Silêncio pairou novamente entre os dois.

— Como você está? — Enji perguntou quebrando o silêncio e foi a segunda vez que perguntou algo assim para ela.

Fuyumi se espantou por trás dos óculos, mas não como a primeira vez. A moça ajeitou a postura e respondeu:

— Estou bem. E o senhor? — Enji sentiu que hoje sua filha estava corajosa.

— Eu estou bem. — Enji respondeu e logo notou um pinga-pinga vindo de algum lugar. Percebeu que vinha da cafeteira.

Fuyumi fazia o café para o pai de novo. Enji teve uma ideia:

— Você não quer tomar café? — Pensou em adicionar o “comigo”, porém desistiu no último momento temeroso de que a filha rejeitasse.

A professora engoliu em seco e respondeu:

— Quero sim. — Foi uma grata surpresa.

Sentados olhavam para a mesa servida e depois para as xícaras quentes em suas mãos para não olharem um ao outro. Muito estranho ter filhos crescidos, Enji pensou, Fuyumi estava bem ali parada no seu lugar de sempre ou no que ele achava que era quando voltava do trabalho e via os filhos e a esposa na mesa, porém a segunda mais velha mais parecia uma completa desconhecida.

Quando eles moravam sob o olhar vigilante de Enji era como se sempre estivesse a par da vida dos filhos e qualquer desvio fora da rotina era percebido com olhos de águia. Mas fora isso o que o homem sabia dos filhos de verdade naquela época e agora? Suas preferências? Suas comidas preferidas? Suas cores preferidas? Como agiam com os amigos que Enji permitia que eles fossem?

Sabia mais sobre Kei do que dos quatros filhos e não sabia praticamente nada dele. Natsuo fazia faculdade de quê? Fuyumi sempre quis ser professora? Qual a comida preferida de Shoto?

— Talvez mamãe tenha alta até o final do ano. — Fuyumi disse para terem algum assunto em comum.

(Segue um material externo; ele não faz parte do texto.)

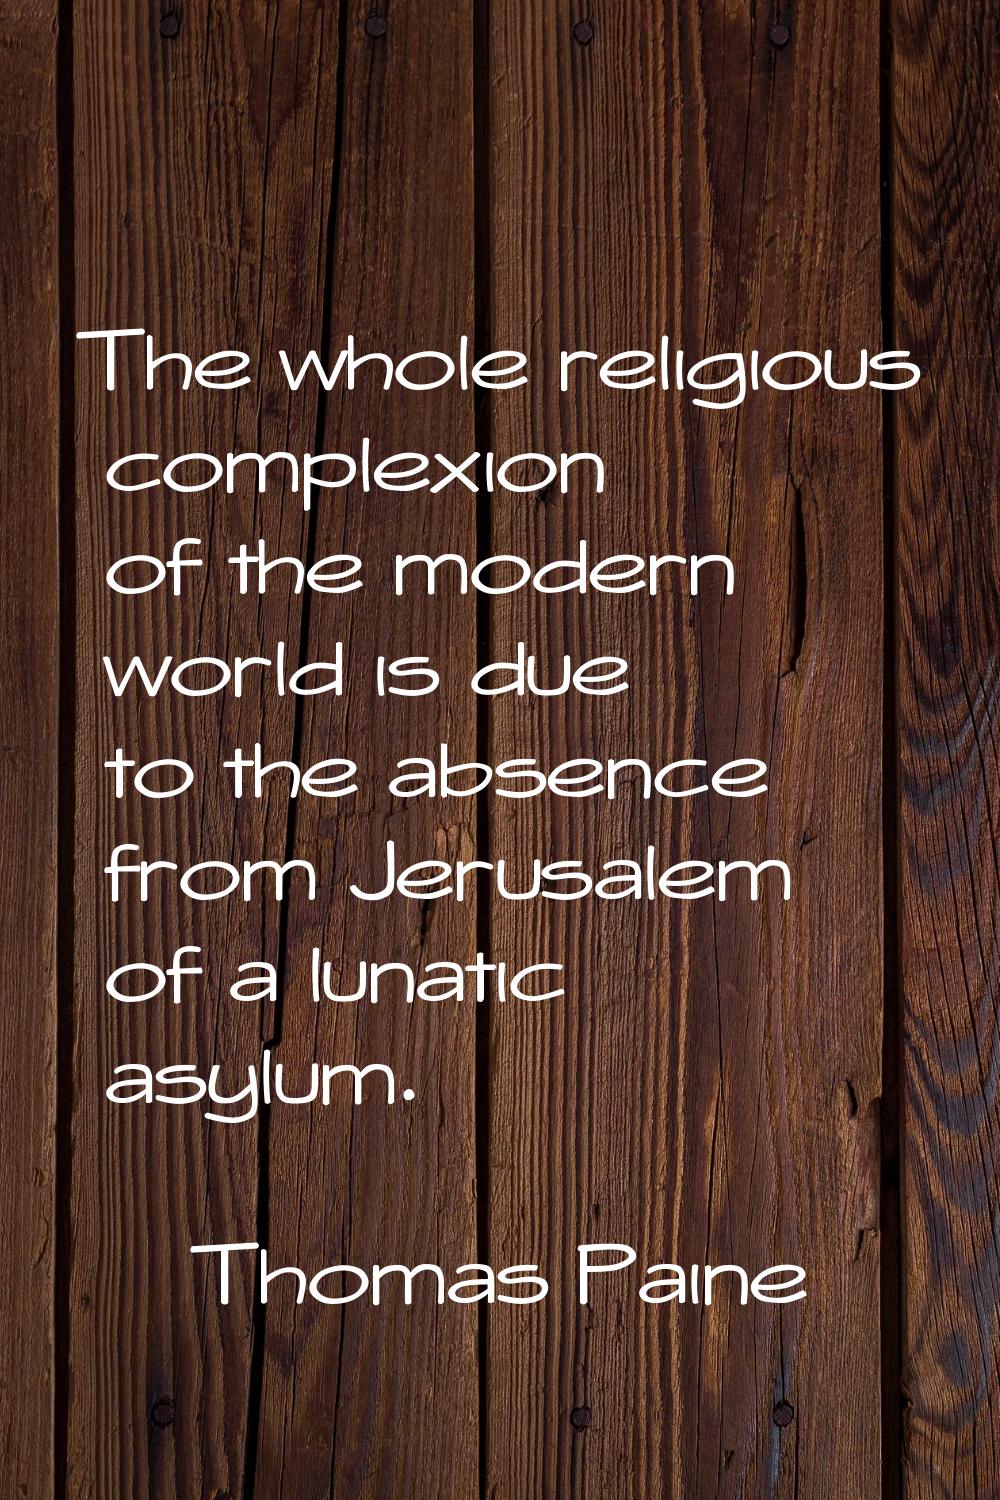 The whole religious complexion of the modern world is due to the absence from Jerusalem of a lunati

— Sim, eu soube. — Enji não tinha mais ideia do que dizer.

— Shoto visita ela.

Essa notícia foi novidade para Enji.

— Desde quando? — Fingiu desinteresse tomando um gole da xícara que se tornava pequena em sua mão.

— Desde o início do ano. — Fuyumi respondeu e tomou o próprio gole como quem queria se esconder.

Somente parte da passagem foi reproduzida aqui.